*** Data block ***
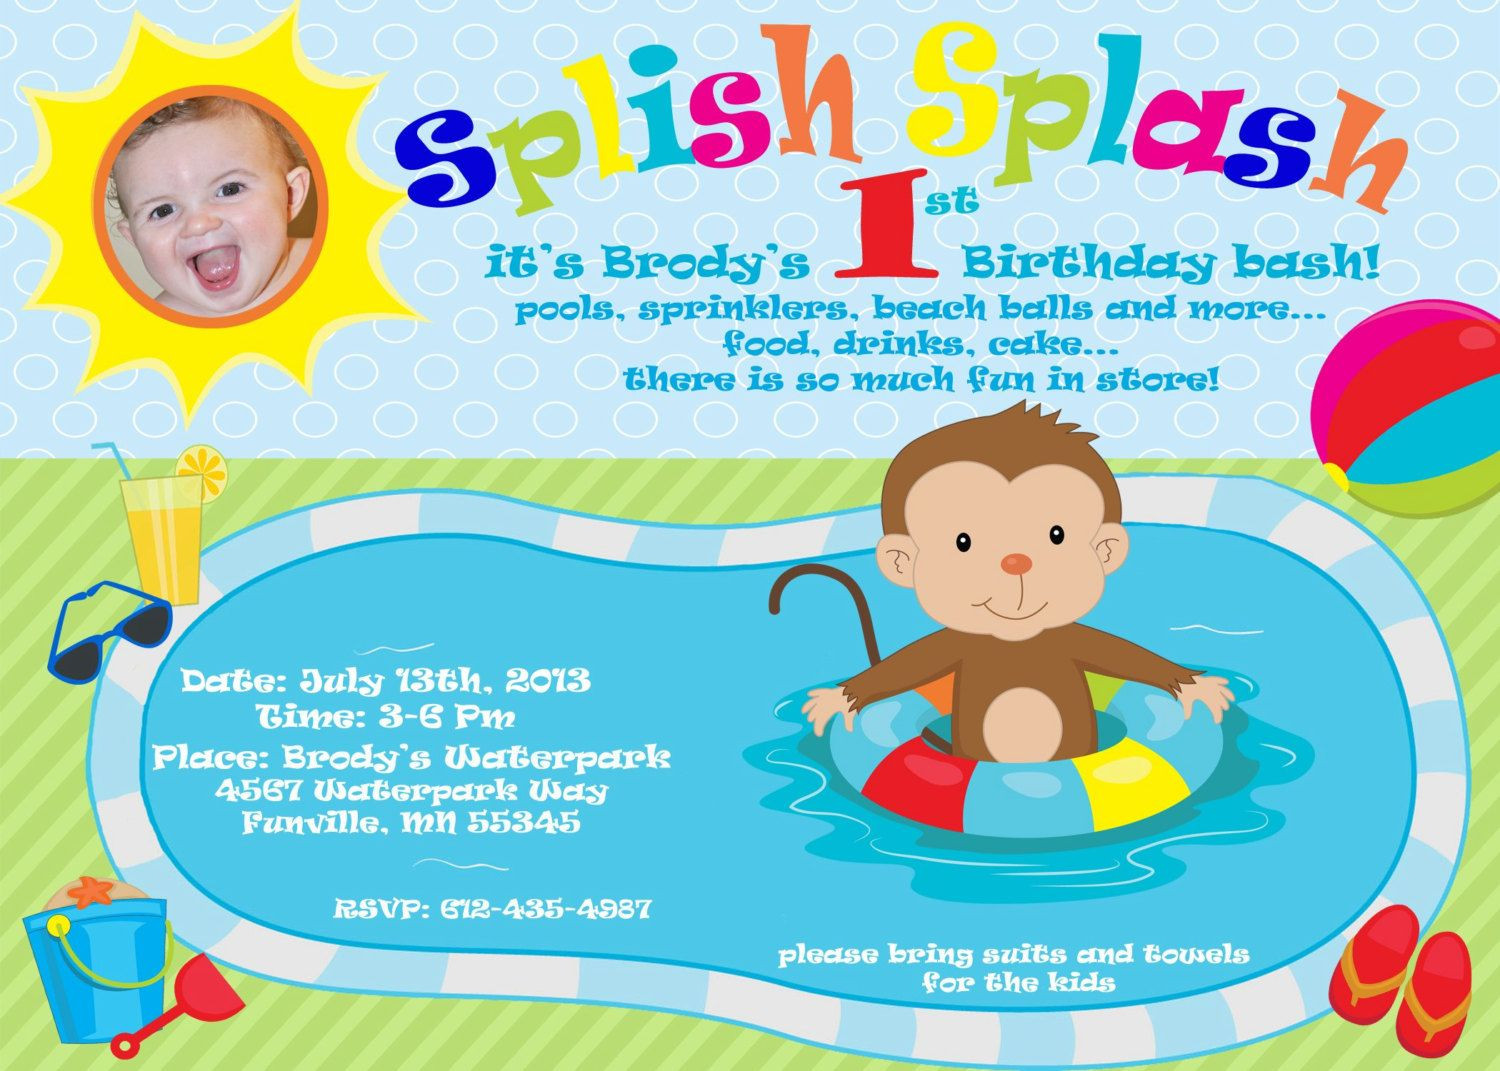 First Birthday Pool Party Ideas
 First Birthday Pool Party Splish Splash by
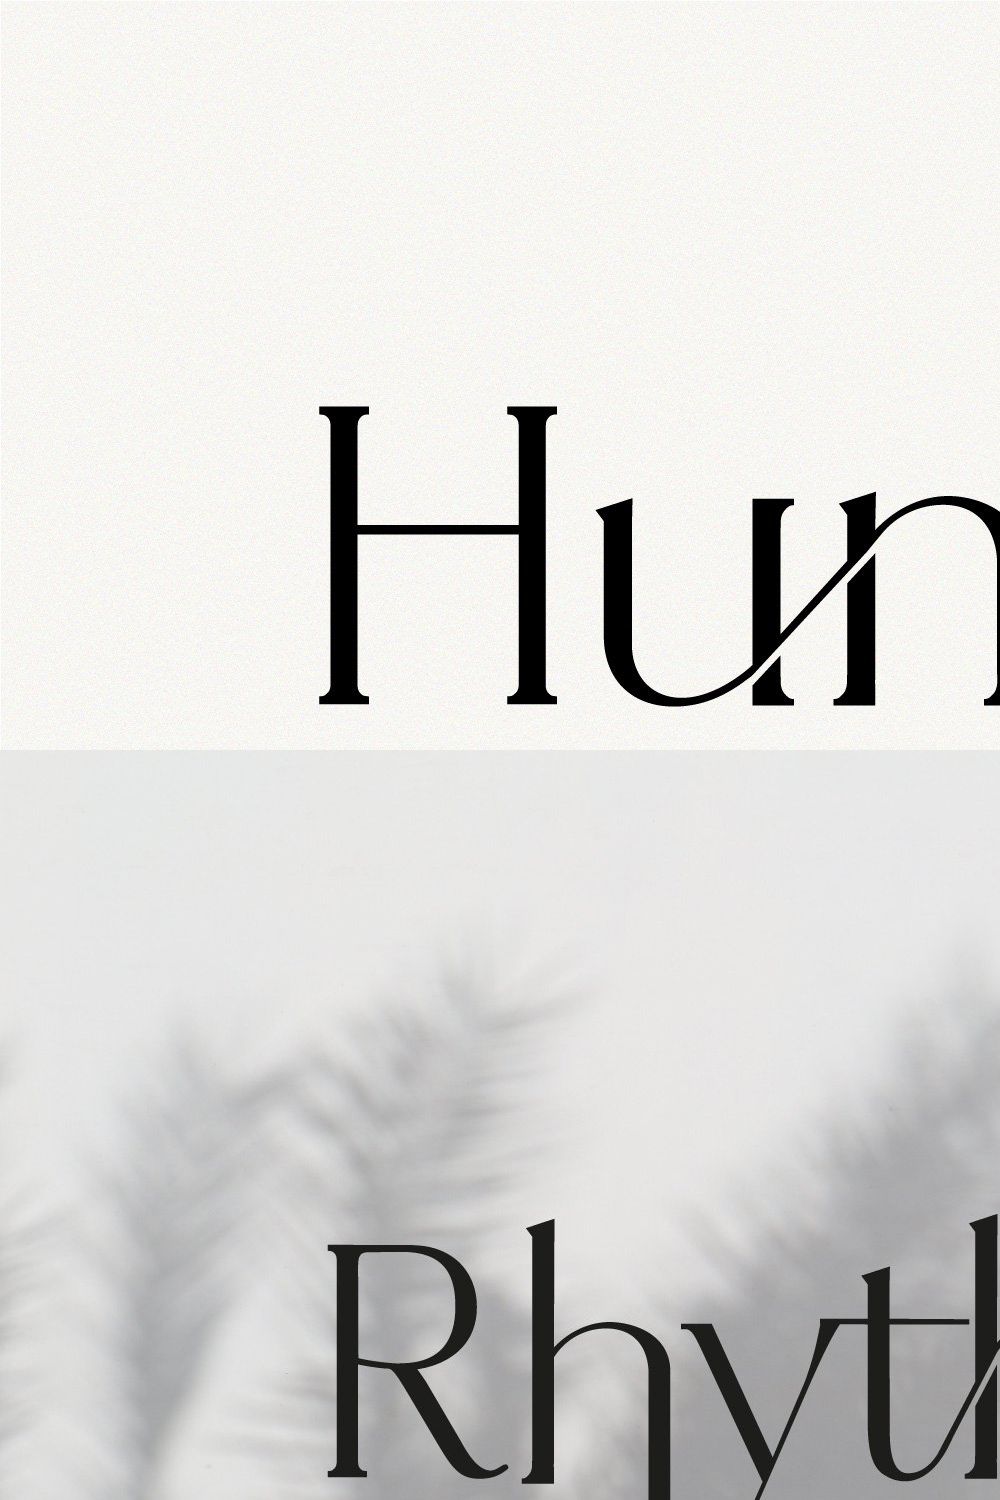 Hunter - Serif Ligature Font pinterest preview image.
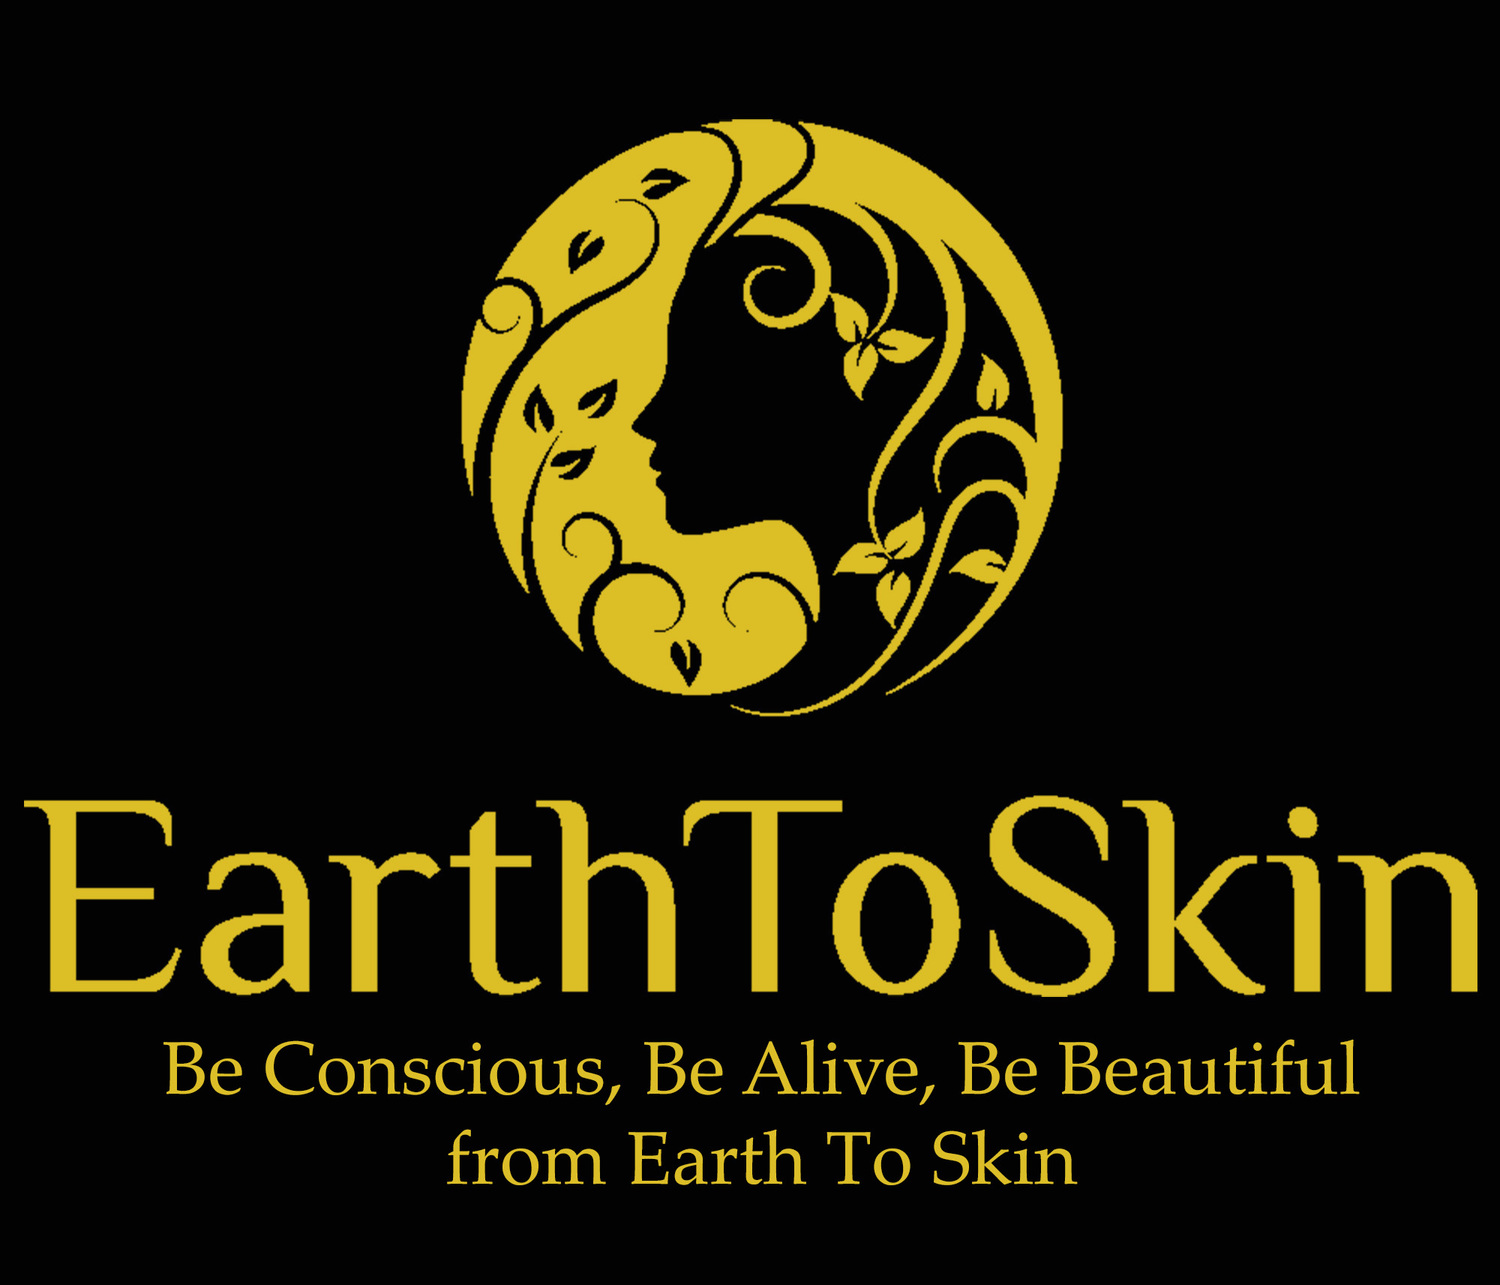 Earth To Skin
*** End of Data block ***
Leave the pictures out and reproduce exactly the lines from the line with "Hunter - Serif" to the end of the material above.

 Hunter - Serif Ligature Font pinterest preview image.
 Earth To Skin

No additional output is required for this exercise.